Got fed up with the slow progress trying to access websites, decided to restore to a point I made just before the update, but PC unable to comply!!
Tried other restore points a week old that I had made, same again, no can do!

How does one deny ZA a previous allowed permission for a programme to access the internet? eg that dcxrpaeur.exe for instance!

I'm basically trying to get back to the point before I upgraded to ZA 5.5.062.000 when the machine was just fine (well so I thought minus its inability to restore!).

Any help appreciated.

Cheers

TG

E-Liam
10th Nov 2004, 06:23
Hi TG,

dcxrpaeur.exe is a randomly generated filename by the look of it, possibly a trojan, if it's looking for server access. It may even be specific to stopping ZA work properly.

Please download 'Hijack This!' from here (http://www.thespykiller.co.uk/), unzip, and place it in it’s own folder, (not in the temp folder, or on the desktop) doubleclick HijackThis.exe, and hit "Scan". When the scan is finished, click "Save Log", and copy and paste it in a reply.

This will give us a rundown of what’s going on in your PC. One of us here will be glad to analyse it for you. Don’t fix anything yourself yet, as a lot of the stuff on that list will be harmless or required.

Cheers

Liam

swh
10th Nov 2004, 08:52
The latest update looks for illegial copies of the program, and illegial licence files, like those generated by crack programs downloaded off the net.

If an illegal copy is detected, you will be given two weeks to get legal version, i.e. you get a standard trial period.

Do you have a legal copy ?

Tartan Giant
10th Nov 2004, 10:21
JHi E-Liam,

I've got to leave the fix for two days....... I'm away from home, but when I get back I'll do as you say and report back.

Many thanks.

TG

PS: SWH Do you meana legal copy of ZA ? Yes, registered and all that - and it's only the FREE version, so no big deal anyway.

Tartan Giant
12th Nov 2004, 15:18
Hi E-Liam,

I try to send the log-file, but the board says there are too many images!

I'll sends you a PM and see if we can get round the snag.

Cheers

TG

E-Liam
12th Nov 2004, 17:28
Hi TG,

The first thing you need to do, is to place Hijack This in it’s own folder (e.g.

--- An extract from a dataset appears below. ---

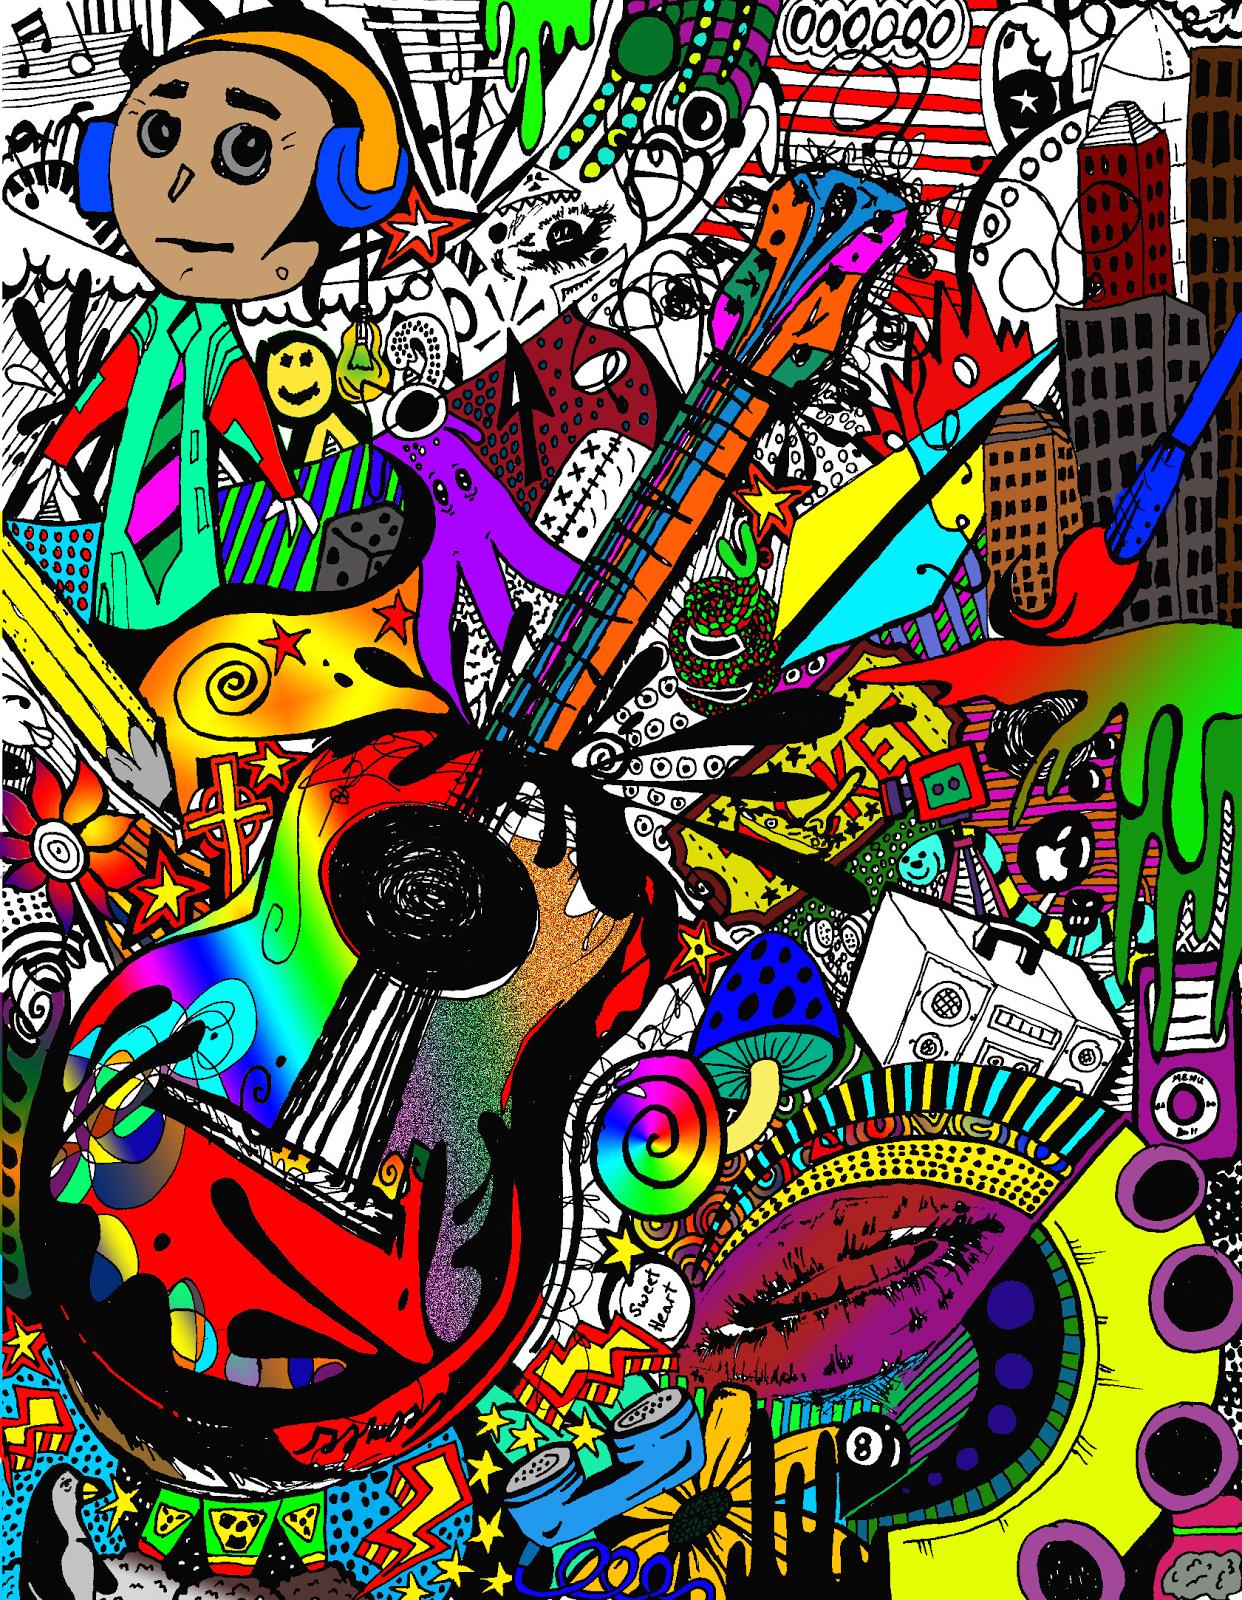 CAMERON'S GA 20 BLOG!: Graphic arts doodle final

C:\HJT\….) so it can generate backup files to the same folder; needed should an entry be accidentally deleted. Then please run a new HJT! Scan, and check to fix the following entries, being sure to double check that you haven't missed any. Next, close all browser windows and click the Fix checked button…

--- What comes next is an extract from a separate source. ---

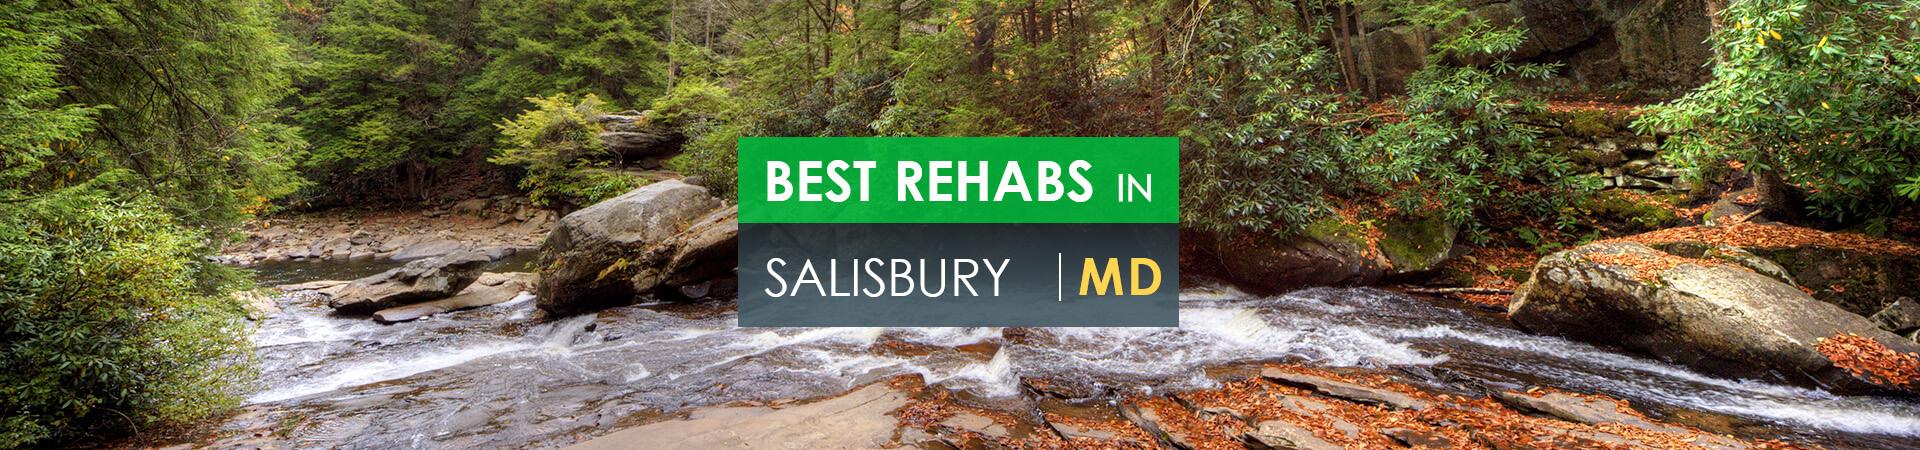 Best rehabs in Salisbury, MD

O1 - Hosts: 203.161.127.141 www.dcsresearch.com

O3 - Toolbar: Enfish Find... - {1F680408-B58A-40B0-A330-50A344786F97} - C:\Program Files\Enfish Corporation\Client\EtiFndBr.dll

O3 - Toolbar: (no name) - {62999427-33FC-4baf-9C9C-BCE6BD127F08} - (no file)

O4 - HKLM\..\Run: [WindowsRegKey upd4te2d4te] dcxrpaeur.exe

O4 - HKLM\..\RunServices: [WindowsRegKey upd4te2d4te] dcxrpaeur.exe

O4 - HKCU\..\Run: [Slingshot Tray App] C:\Program Files\Enfish Corporation\Client\EtiTray.exe /startup

O4 - HKCU\..\Run: [WindowsRegKey upd4te2d4te] dcxrpaeur.exe

O4 - Global Startup: Image Transfer.lnk = ?

O16 - DPF: EtiGrab - http://www.enfish.com/smart_install/etiGrab.cab

O18 - Protocol: eti - {3AAE7392-E7AA-11D2-969E-00105A088846} - C:\Program Files\Enfish Corporation\Client\EtiPBrkr.dll

Next, please double click on the My Computer icon on the desktop. Go to Tools | Folder Options, click on the View tab and make sure that Show hidden files and folders is checked. Also uncheck Hide protected operating system files. Now click Apply to all folders, then click Apply then OK.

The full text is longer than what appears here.